Наконец, к религии Дюрталя привело еще искусство. Искусство сильнее даже, чем пресыщение жизнью, явилось тем непреодолимым магнитом, который привел его к Богу.

Вся душа его сотряслась глубоко в тот день, когда из любопытства, чтобы убить время, он забрел в церковь, после стольких лет забвения, и прослушал заупокойные моления вечерни, тяжко падавшие одно за другим, в то время, как певчие, чередуясь, подобно могильщикам, бросали друг за другом мягкие горсти стихов. Он чувствовал, что навсегда пленен услышанными в Сен-Сюльпис дивными песнопениями, исполняемыми при поминовении усопших, но окончательно захватили, еще сильнее поработили его обряды и песни Страстной Седьмицы.

Как любил он посещать храмы в течение этой недели! Они раскрывались, подобные вымершим дворцам, точно опустошенные кладбища Господни. Казались мрачными, с их завешанными ликами, с распятиями, облаченными в фиолетовые платы, умолкшими органами, онемевшими колоколами. Толпа стекалась, сосредоточенная и бесшумная, шествовала по земле к исполинскому кресту, слагавшемуся из главного нефа и обоих боковых трансептов; войдя чрез раны, изображенные вратами, поднималась к алтарю, туда, где как бы возлежала глава Христа, и на коленях жадно лобызала распятие, у подножья ступеней.

И толпа, переливавшаяся в крестообразном сосуде храма, сама превращалась в огромный живой крест, безмолвный и печальный.

В Сен-Сюльпис, где вся семинария в полном составе оплакивала позор человеческого правосудия и приговор смерти, вынесенный Богу, Дюрталь увлекался недосягаемым богослужением горьких дней, мгновений тьмы, внимал безмерной скорби Страстей, так возвышенно, так глубоко воплощаемой медленными песнопениями страстной вечерни, ее сетованиями и псалмами. Но сильнее всего повергало его в трепет воспоминание о Деве, нисходящей в Великий Четверг, когда ниспадает ночь.

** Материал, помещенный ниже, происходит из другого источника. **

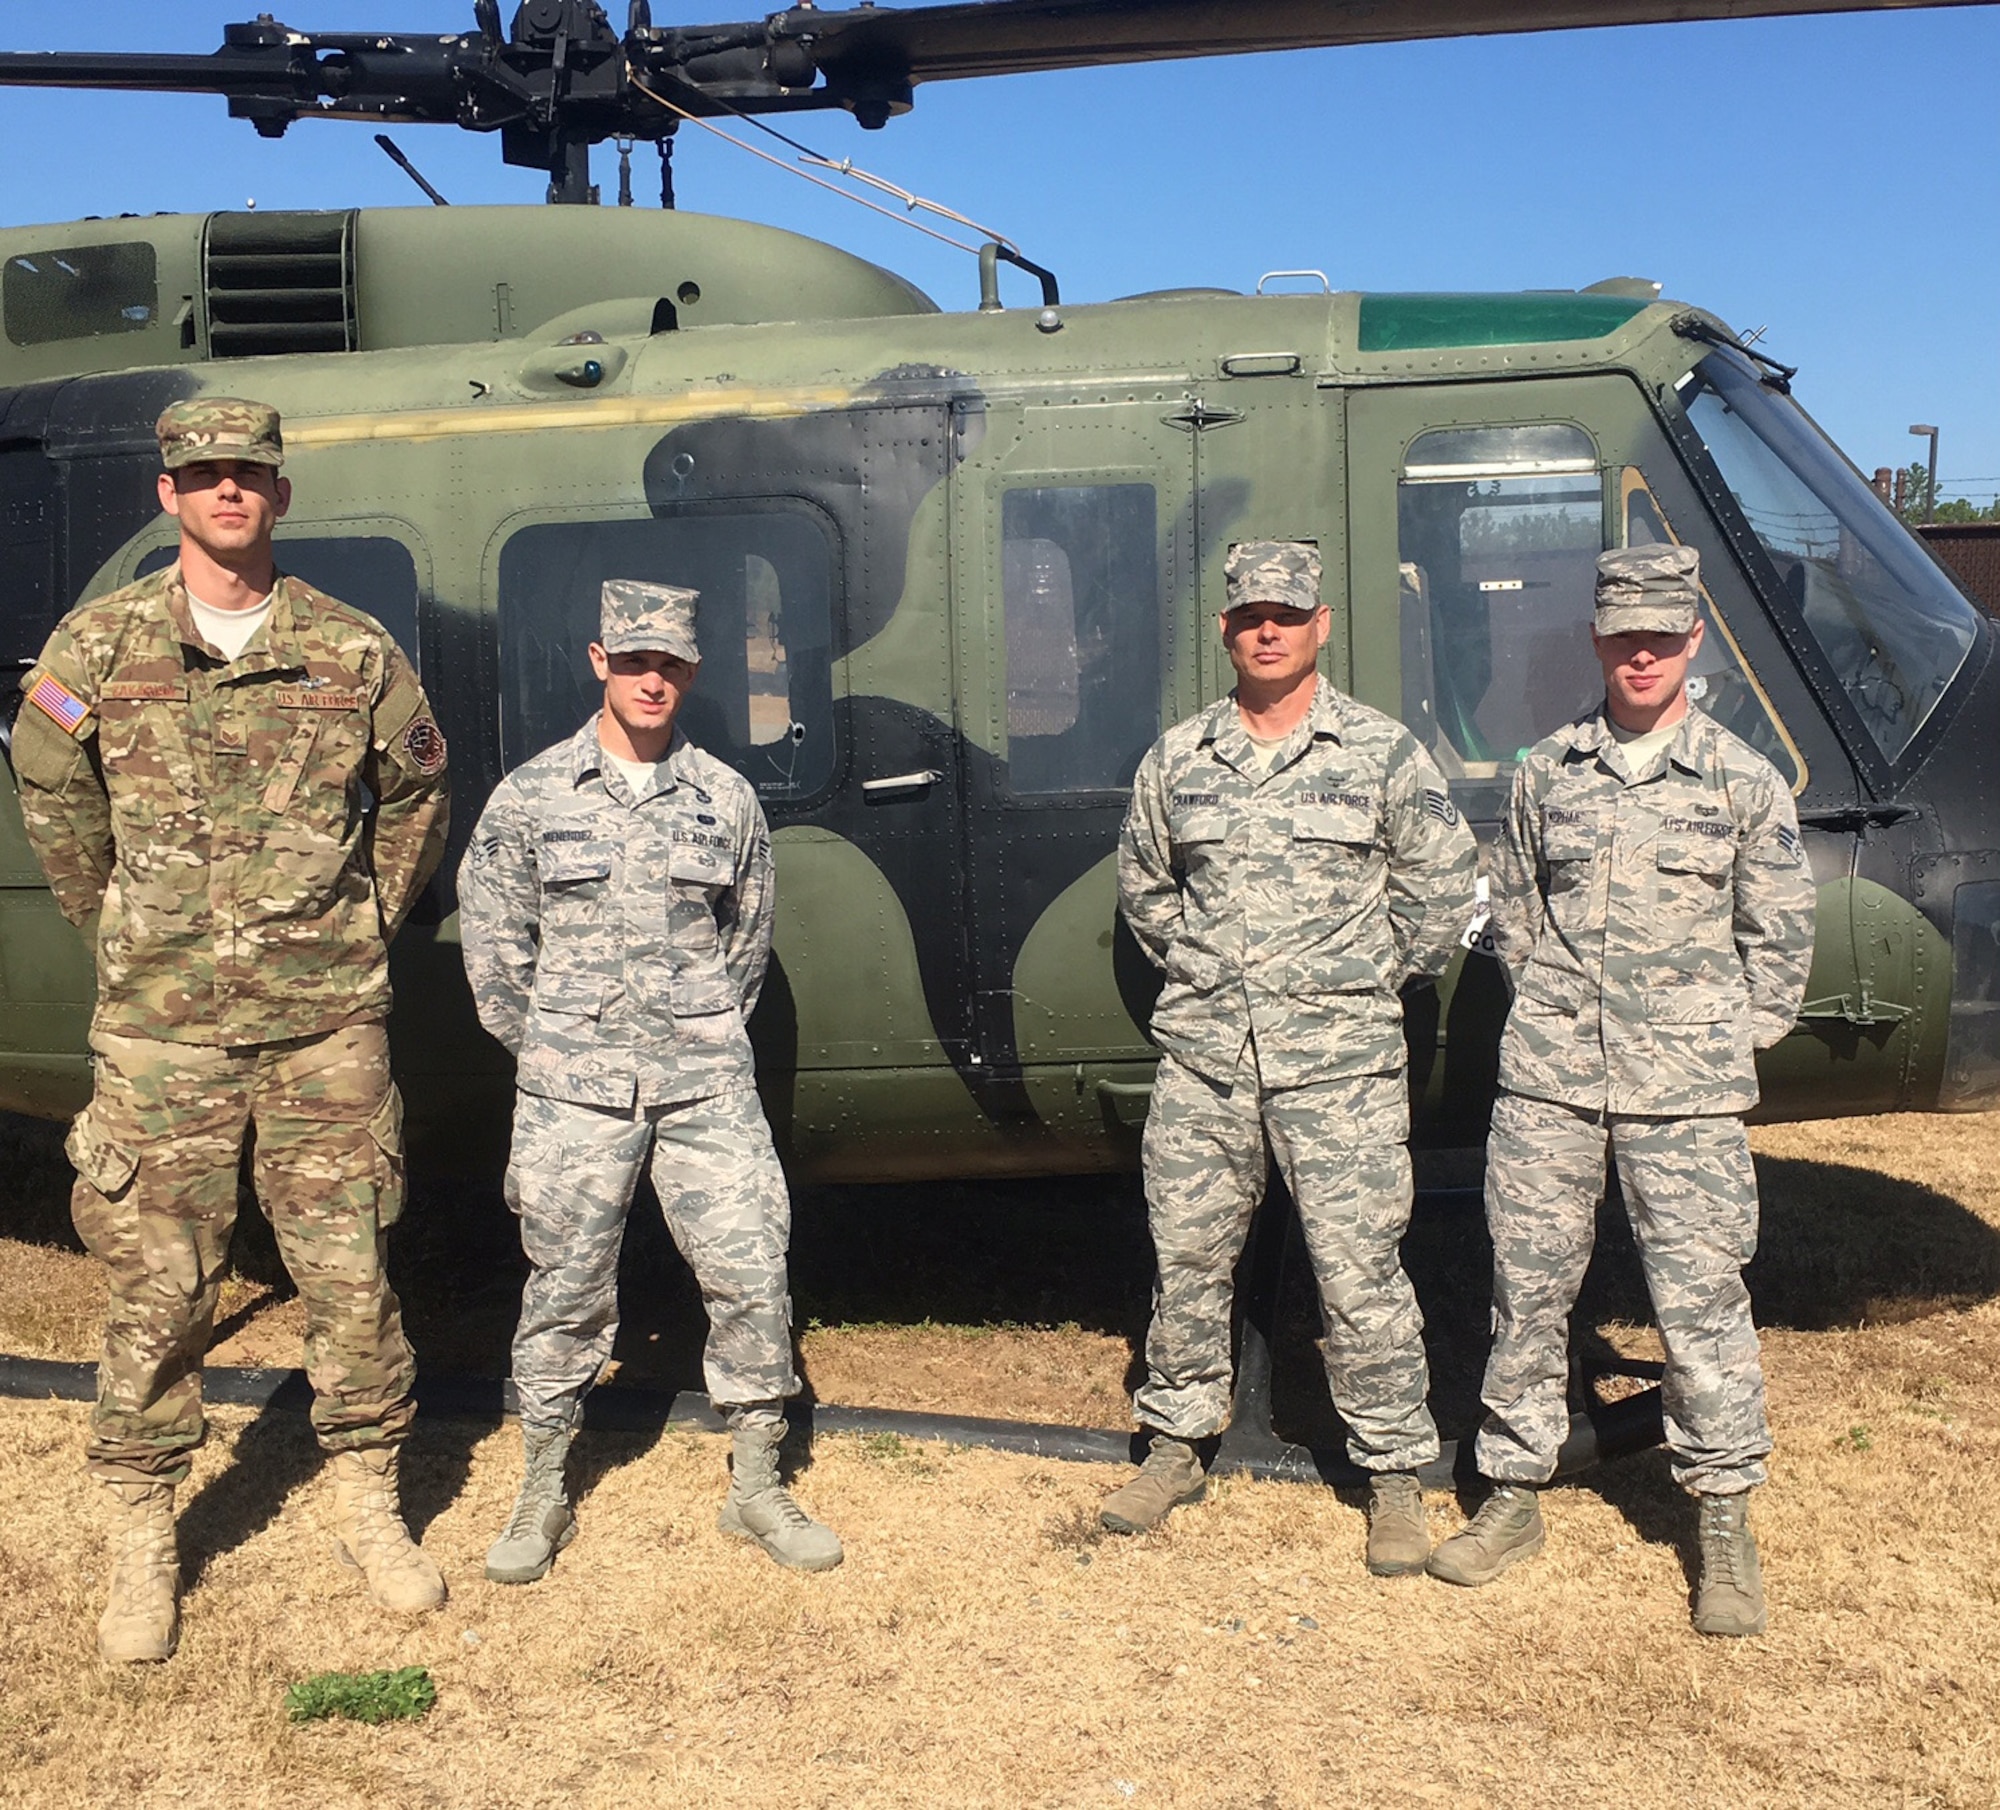 Staff Sgt. Kurtis Crawford (center right) and Senior Airman Tyler McPhail (right), both assigned to the 512th Airlift Control Flight, Dover Air Force Base, Del., graduated Nov. 18, 2016, from the Army’s Air Assault School at Ft. Benning, Ga. Crawford, a C-17 loadmaster, and McPhail, a command and control specialist, are the first reserve airlift control flight members to complete the 12-day course designed to prepare Soldiers for air mobile operations. Also pictured are two active-duty Airmen who graduated in the same class; they are Staff Sgt. Phillip Zakarain, Moody Air Force Base, Ga., and Senior Airman Carlos Mendez, MacDill AFB, Fla. 
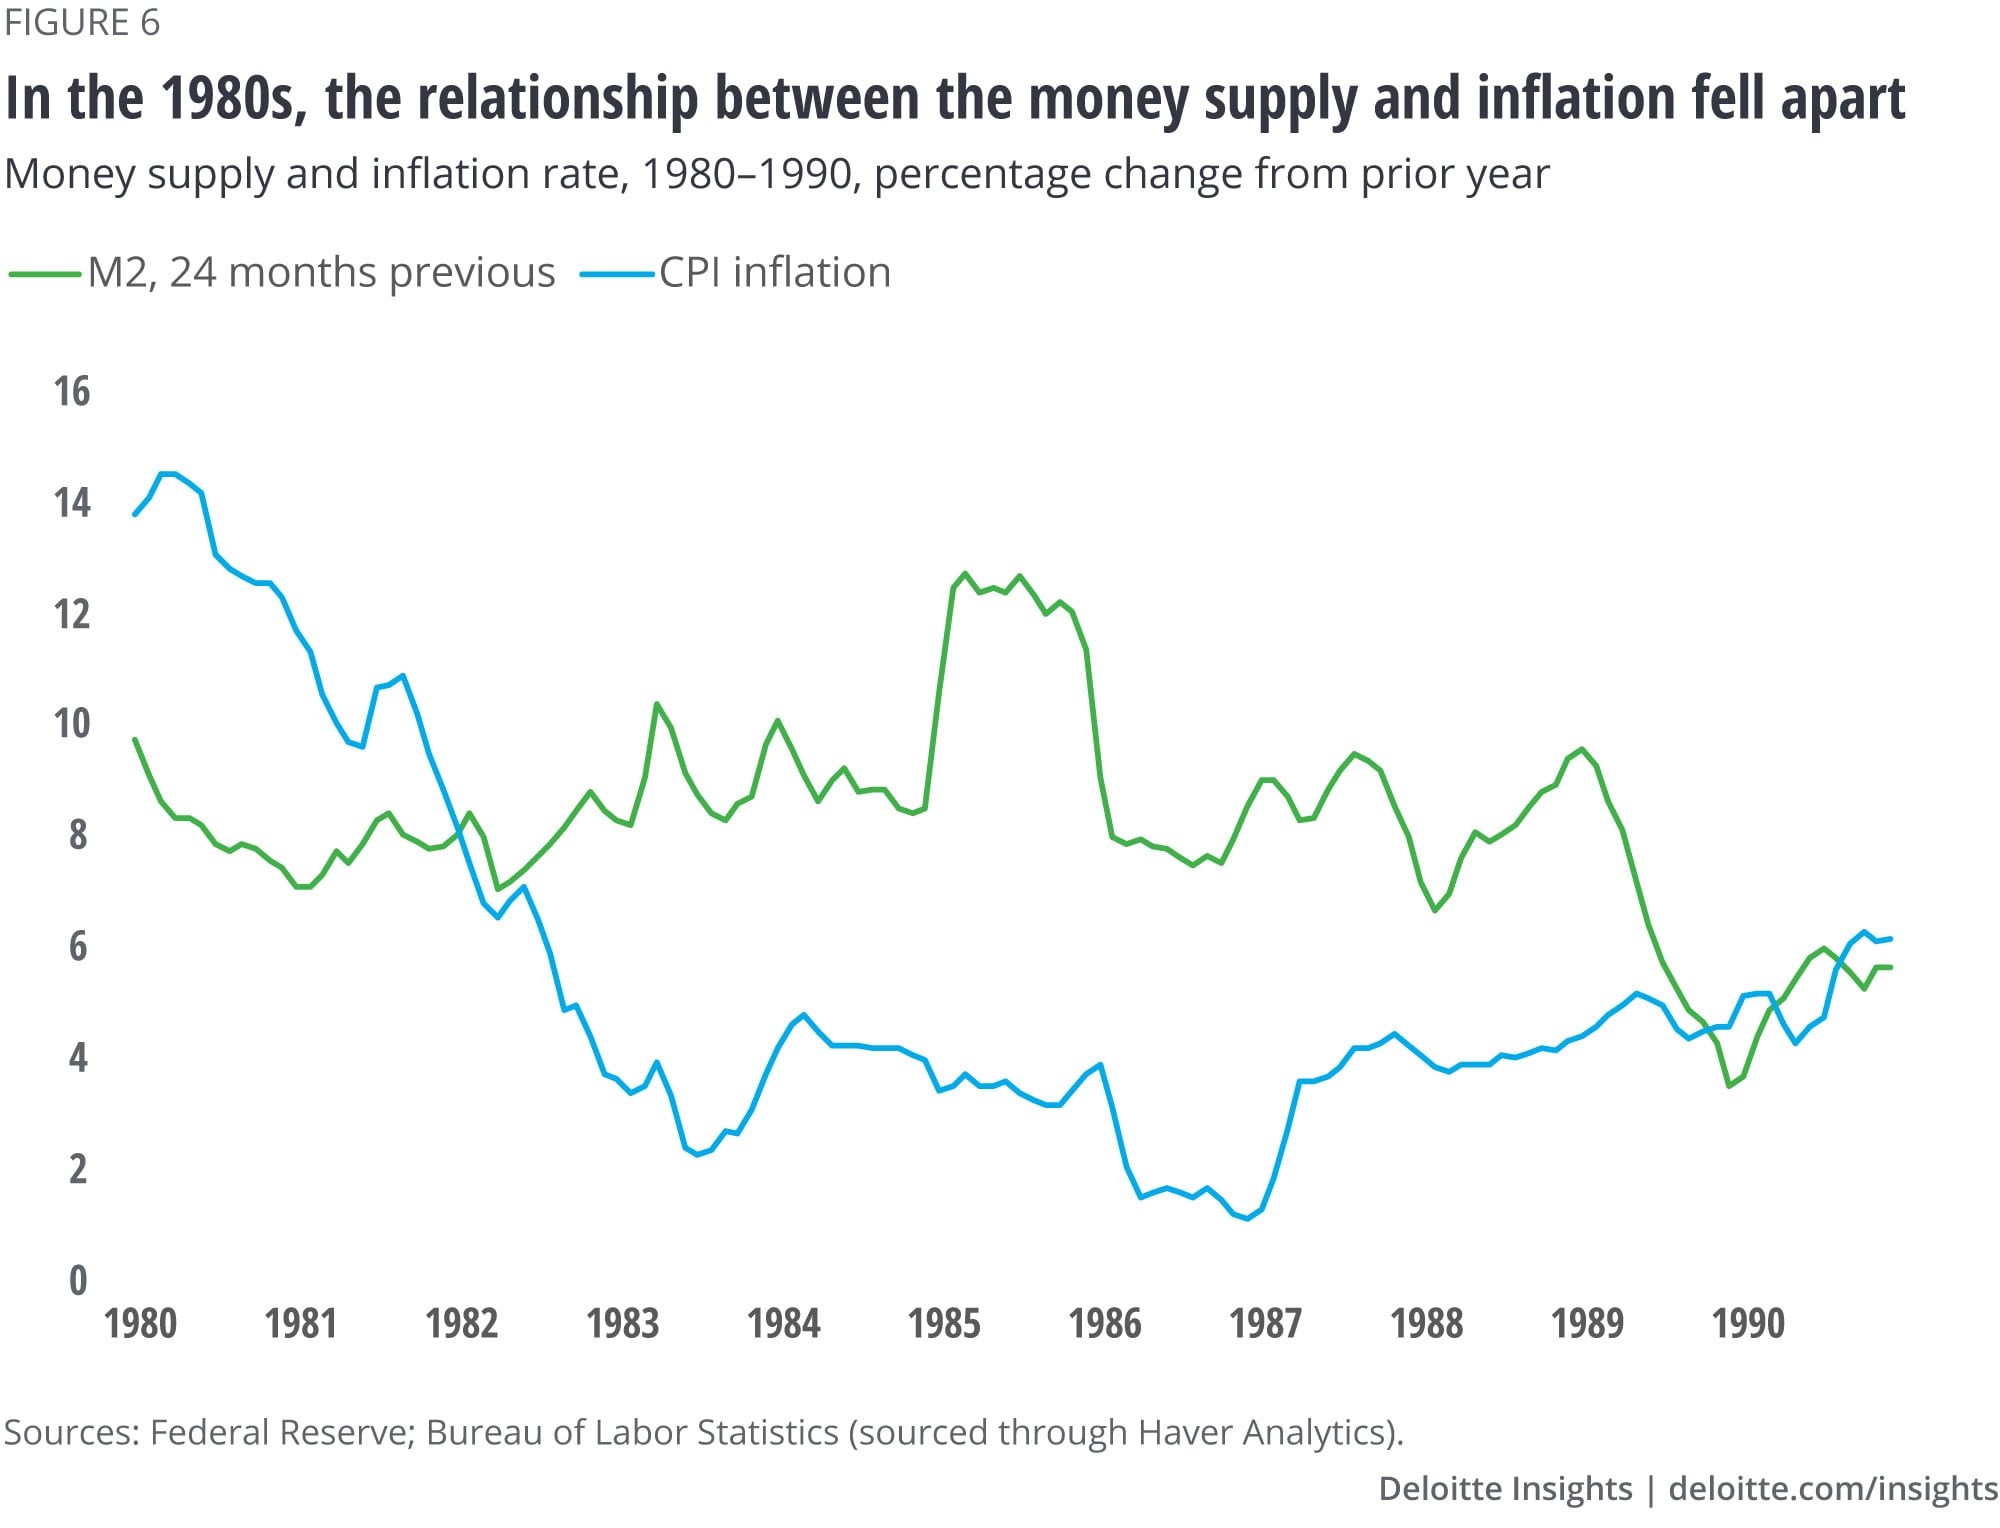 In the 1980s, the relationship between the money supply and inflation fell apart

Церковь, объятая пред этим горестью и распростертая пред крестом, восставала и испускала рыдания, узревая Богоматерь.

Голосами всего хора теснилась она вокруг Марии, пыталась утешить ее, сливая с ее плачем слезы «Stabat Mater», стеная музыкой страдальческих терзаний, орошая ее горе строфами, источавшими воду и кровь, подобно ране Христа.

Дюрталь выходил утомленный этим долгим бдением, но зато рассыпались колебания его веры. Он не сомневался больше, что благодать излилась на него в Сен-Сюльпис с красноречивым блеском литургии и что призывы обращались к нему в сумрачной печали голосов. И он ощущал чисто сыновнюю признательность к этому храму, в котором провел такие нежные и трогательные часы.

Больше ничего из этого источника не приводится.